How to complete this task. Starting at the line containing "Single stone 1.19ct.'D'" and ending at the line containing "A clear lightbulb", transcribe the listing below exactly. Keep both end lines, skip the pictures, and copy nothing else.

Data extracts.
================

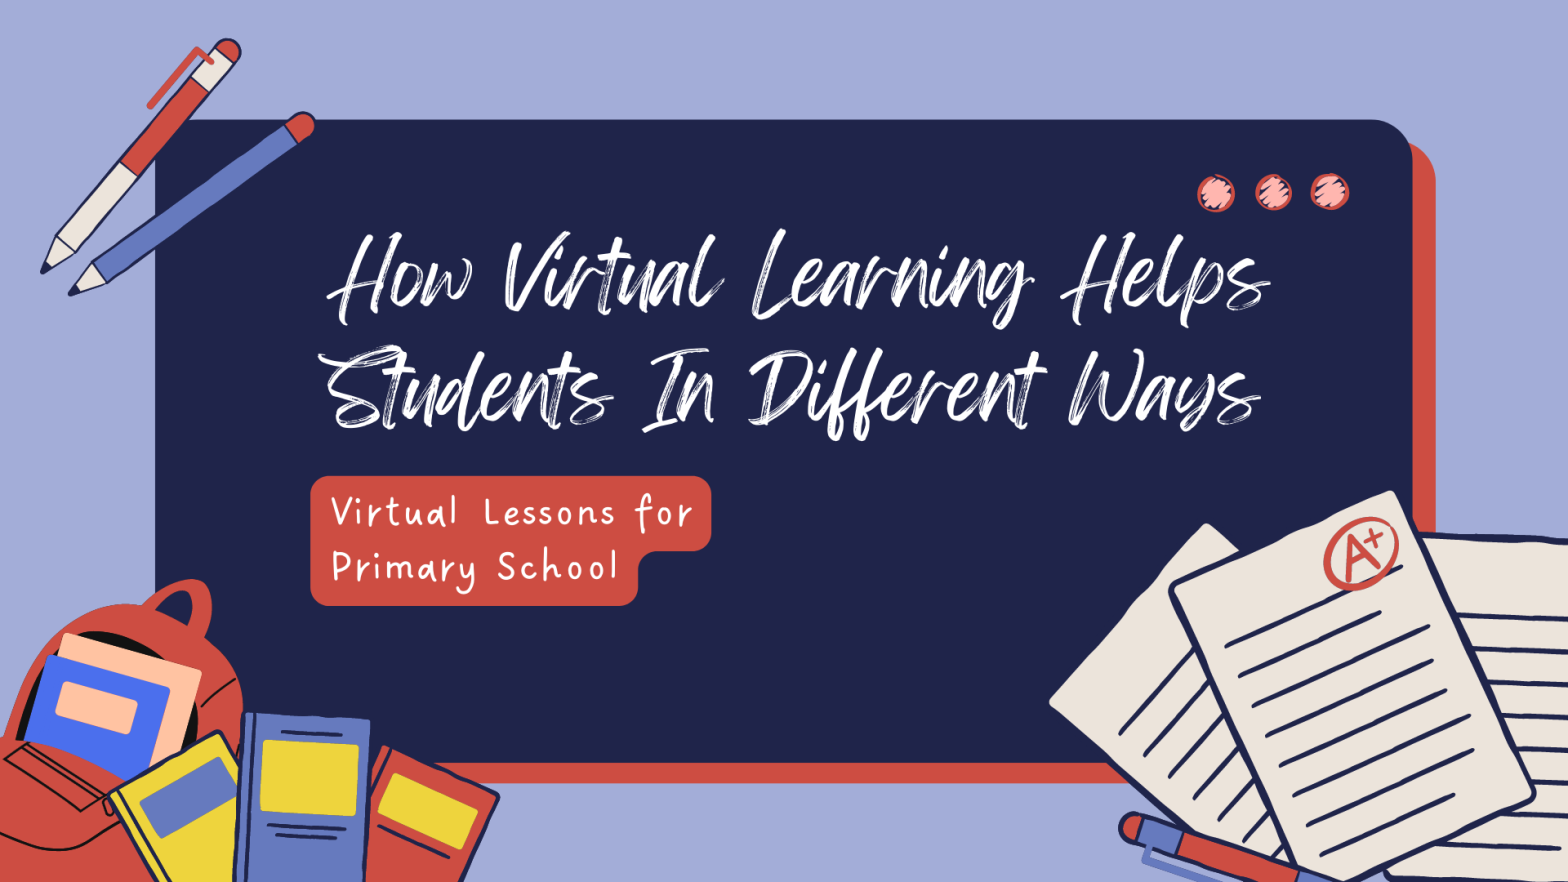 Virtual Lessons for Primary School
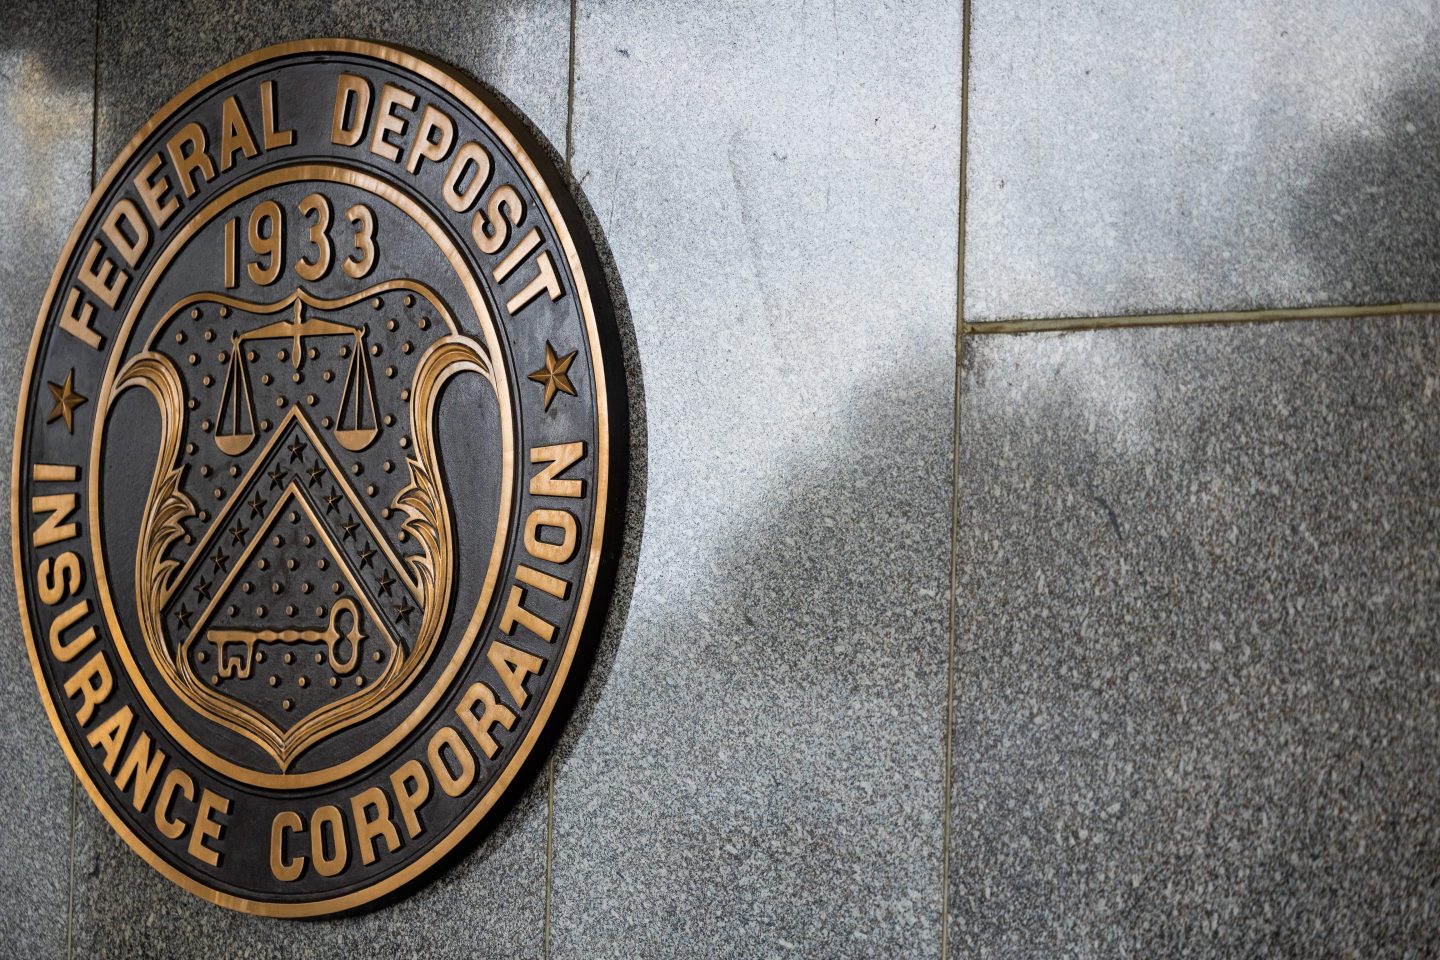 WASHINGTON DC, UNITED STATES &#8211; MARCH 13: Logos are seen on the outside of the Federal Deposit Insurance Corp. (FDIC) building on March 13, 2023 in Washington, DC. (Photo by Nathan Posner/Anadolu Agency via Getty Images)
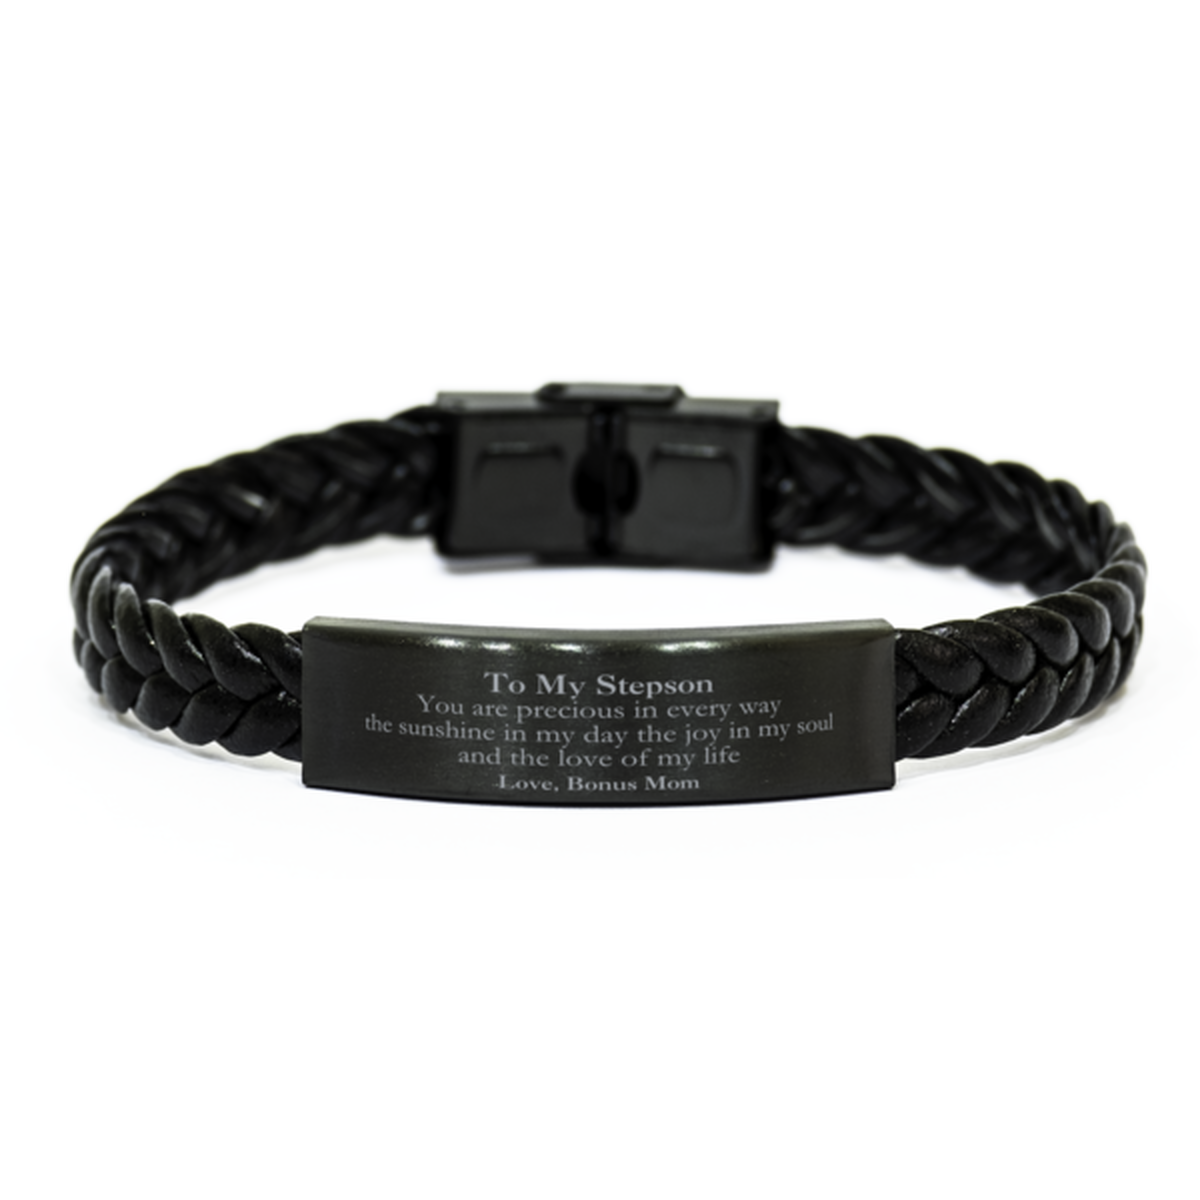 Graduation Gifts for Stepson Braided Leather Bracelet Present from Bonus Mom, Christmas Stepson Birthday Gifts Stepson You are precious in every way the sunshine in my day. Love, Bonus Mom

================

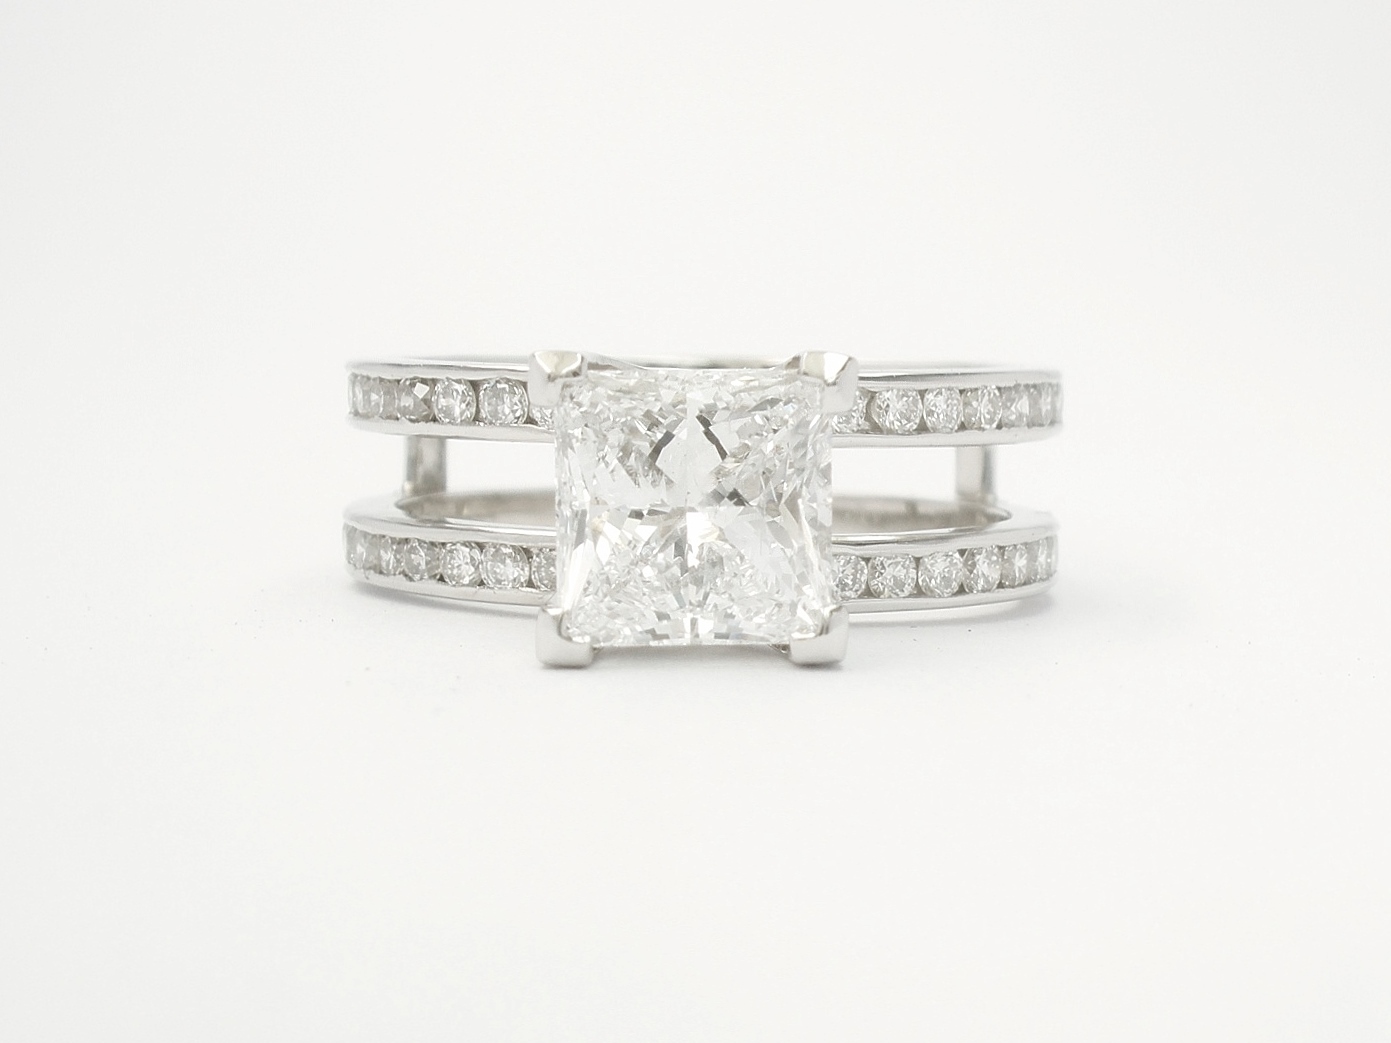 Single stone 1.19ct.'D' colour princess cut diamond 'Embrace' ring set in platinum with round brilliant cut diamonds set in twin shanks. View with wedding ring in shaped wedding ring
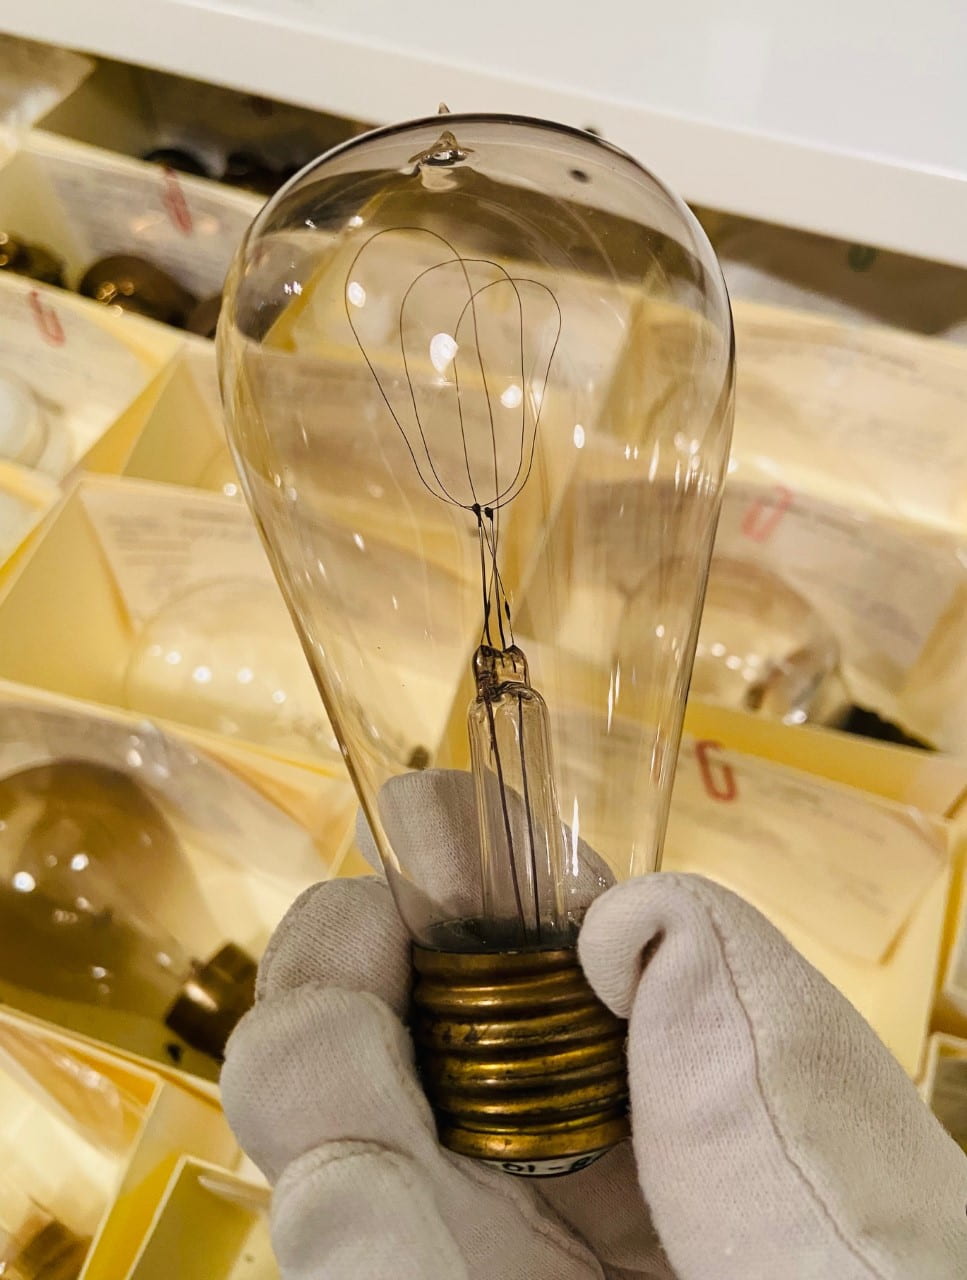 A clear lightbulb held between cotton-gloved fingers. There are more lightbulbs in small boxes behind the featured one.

================

Completed task.
 Single stone 1.19ct.'D' colour princess cut diamond 'Embrace' ring set in platinum with round brilliant cut diamonds set in twin shanks. View with wedding ring in shaped wedding ring
 A clear lightbulb held between cotton-gloved fingers. There are more lightbulbs in small boxes behind the featured one.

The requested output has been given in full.